*Information supplied:*
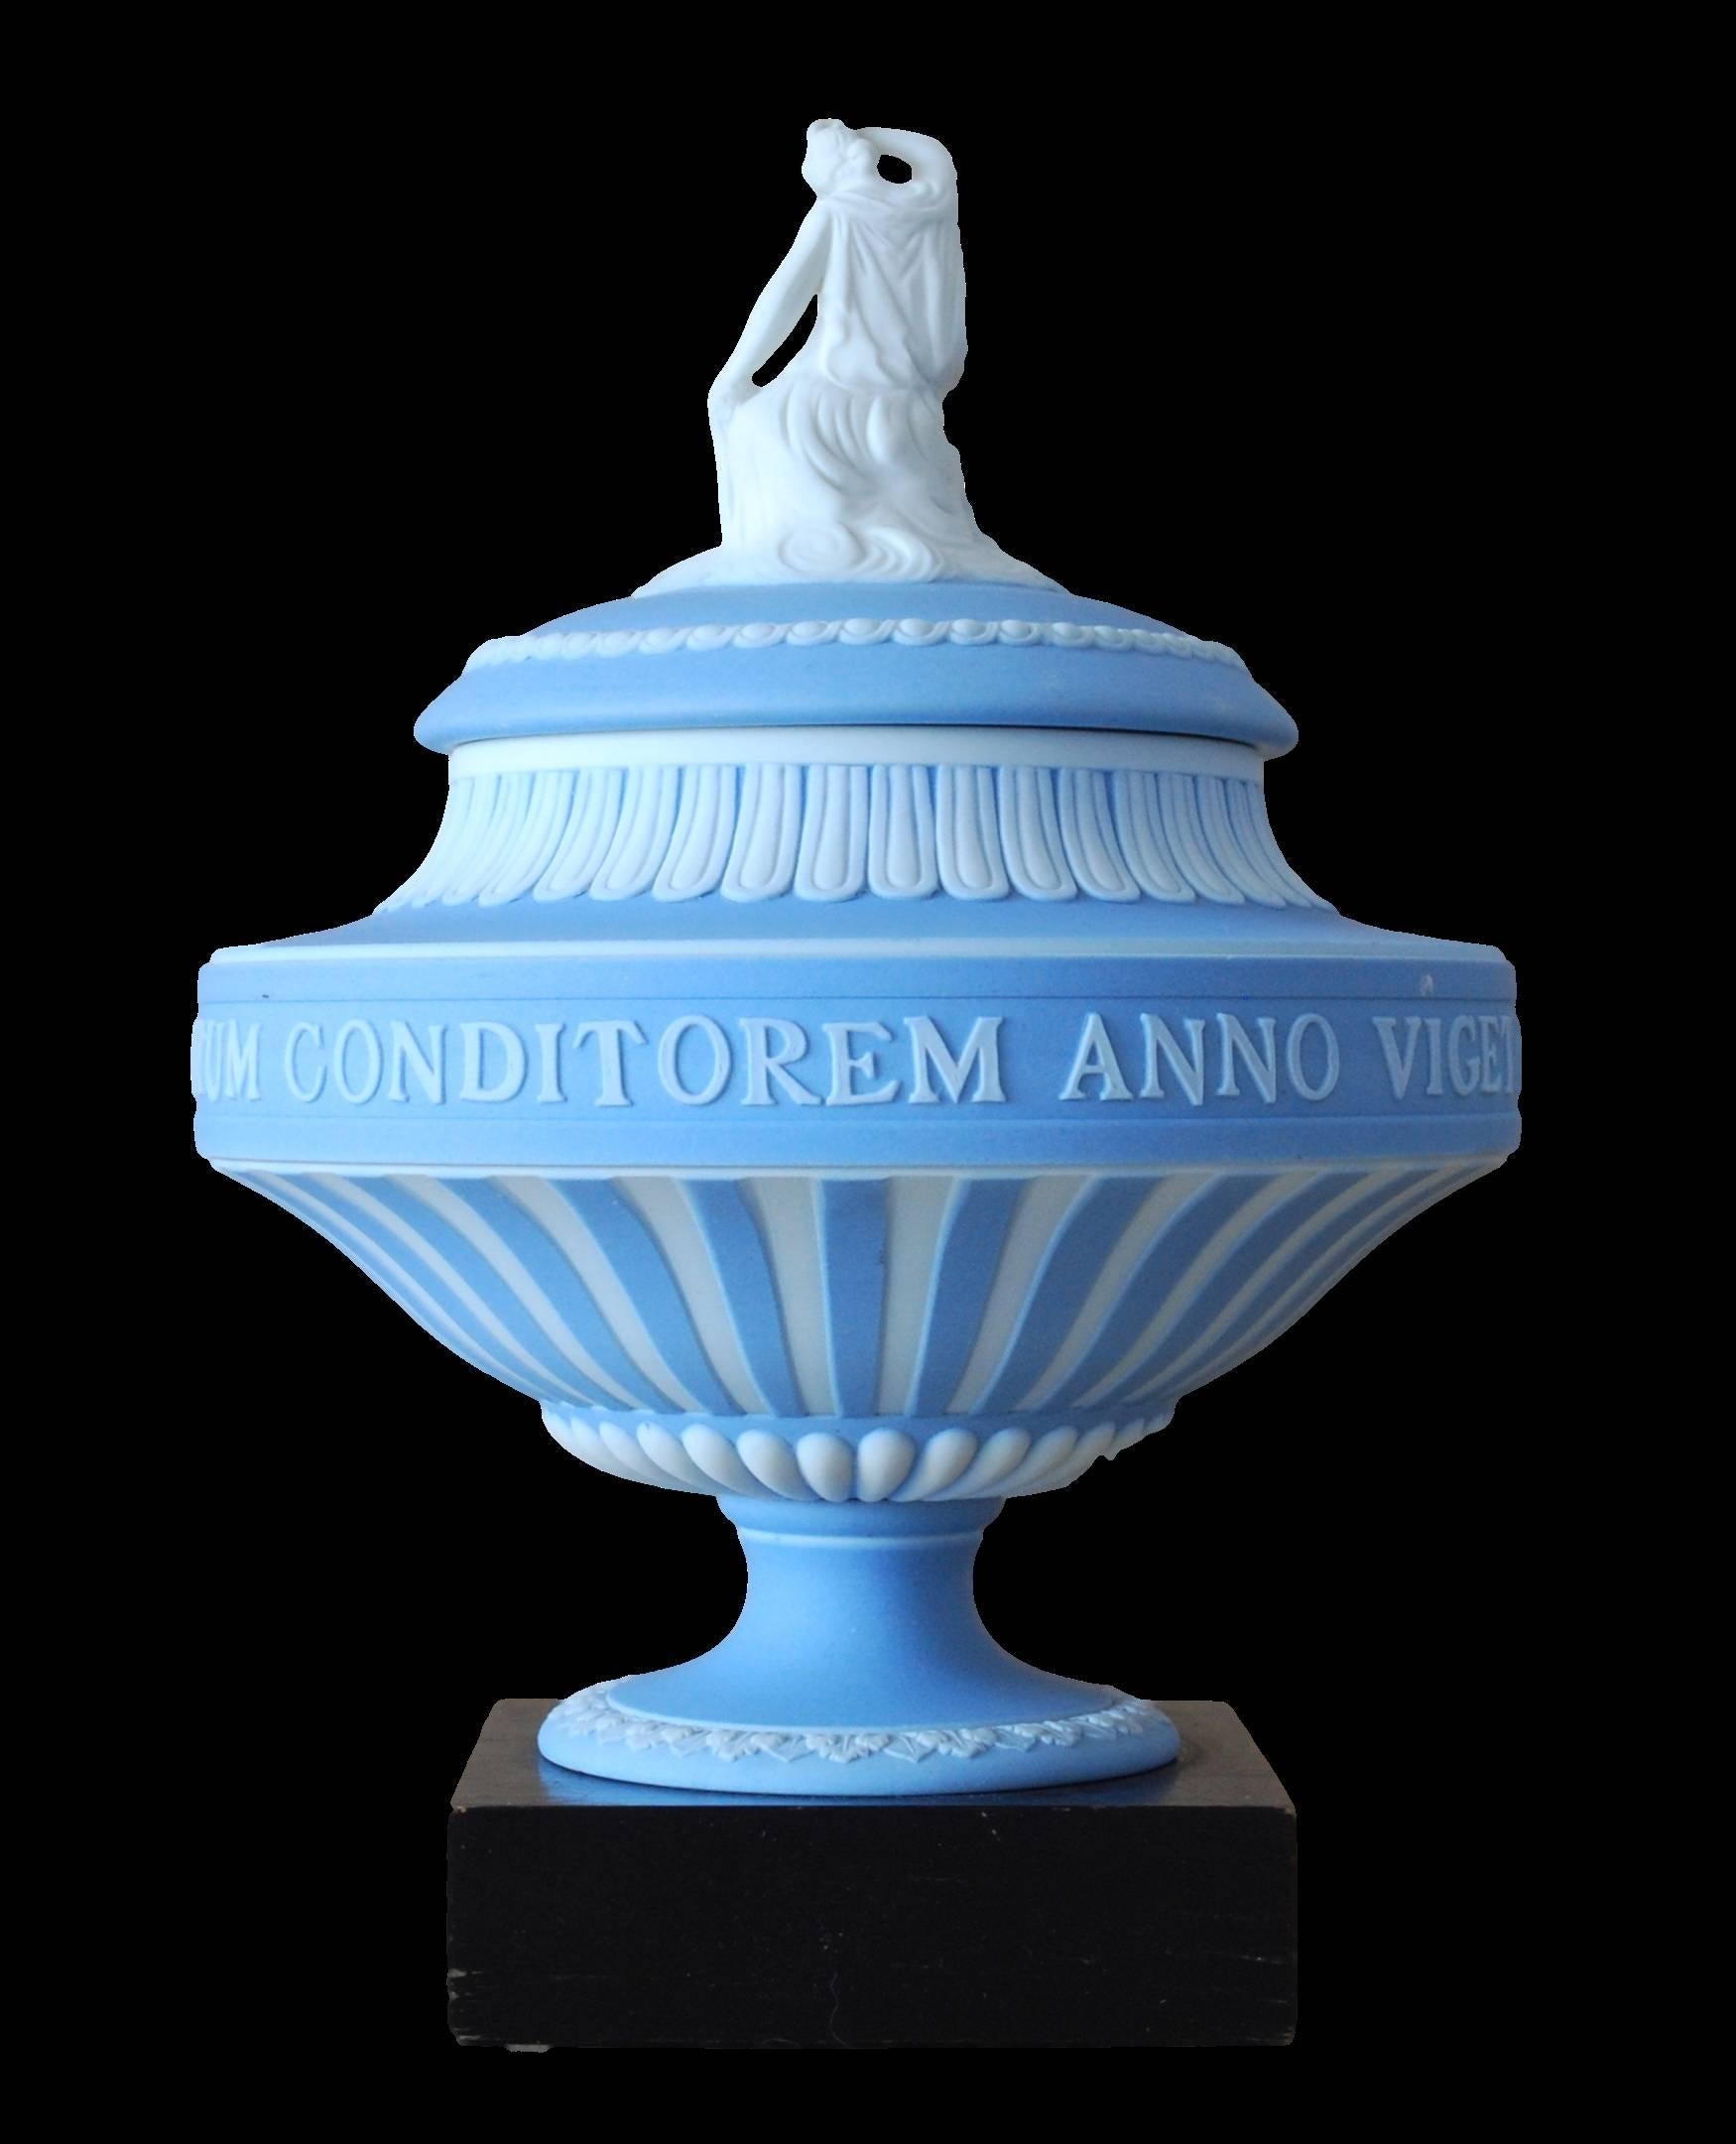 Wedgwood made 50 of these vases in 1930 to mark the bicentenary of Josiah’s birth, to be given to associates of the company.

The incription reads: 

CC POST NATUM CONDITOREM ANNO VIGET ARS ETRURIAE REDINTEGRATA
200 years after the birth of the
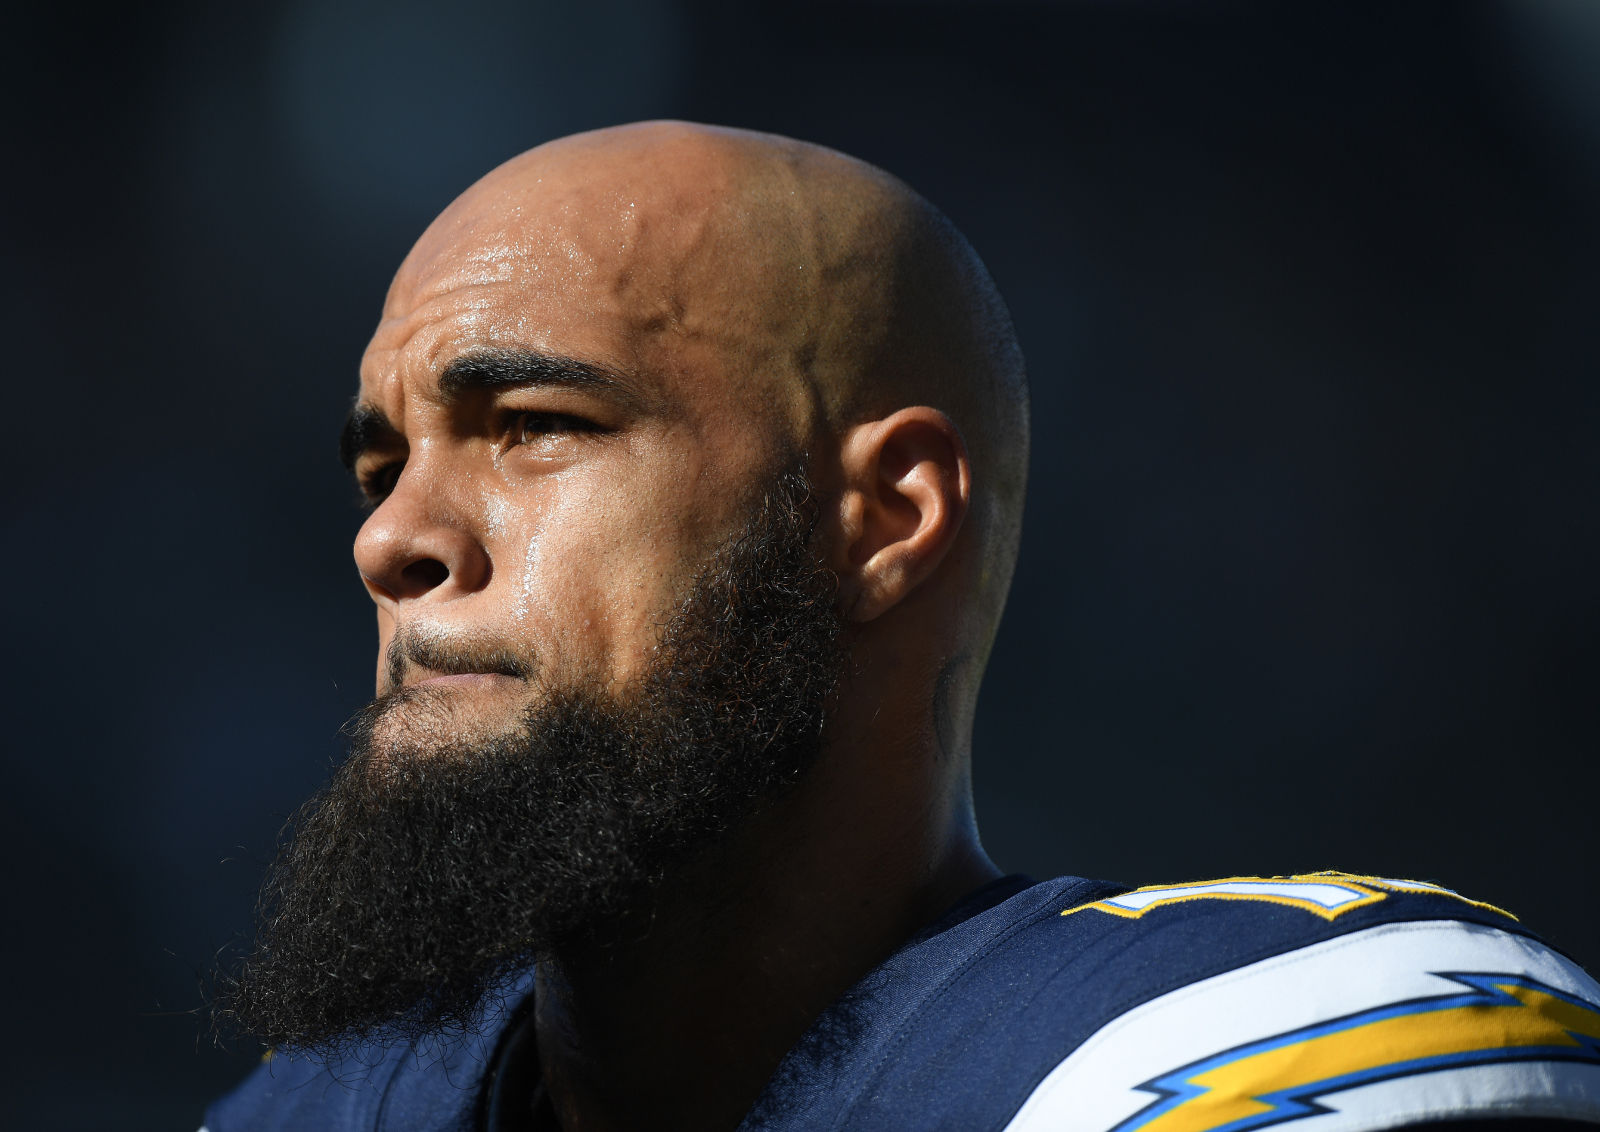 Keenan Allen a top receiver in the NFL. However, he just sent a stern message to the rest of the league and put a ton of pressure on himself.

*Assignment:* Give back the material exactly as written, images excluded.

*Answer section:*
 Wedgwood made 50 of these vases in 1930 to mark the bicentenary of Josiah’s birth, to be given to associates of the company.

The incription reads: 

CC POST NATUM CONDITOREM ANNO VIGET ARS ETRURIAE REDINTEGRATA
200 years after the birth of the
 Keenan Allen a top receiver in the NFL. However, he just sent a stern message to the rest of the league and put a ton of pressure on himself.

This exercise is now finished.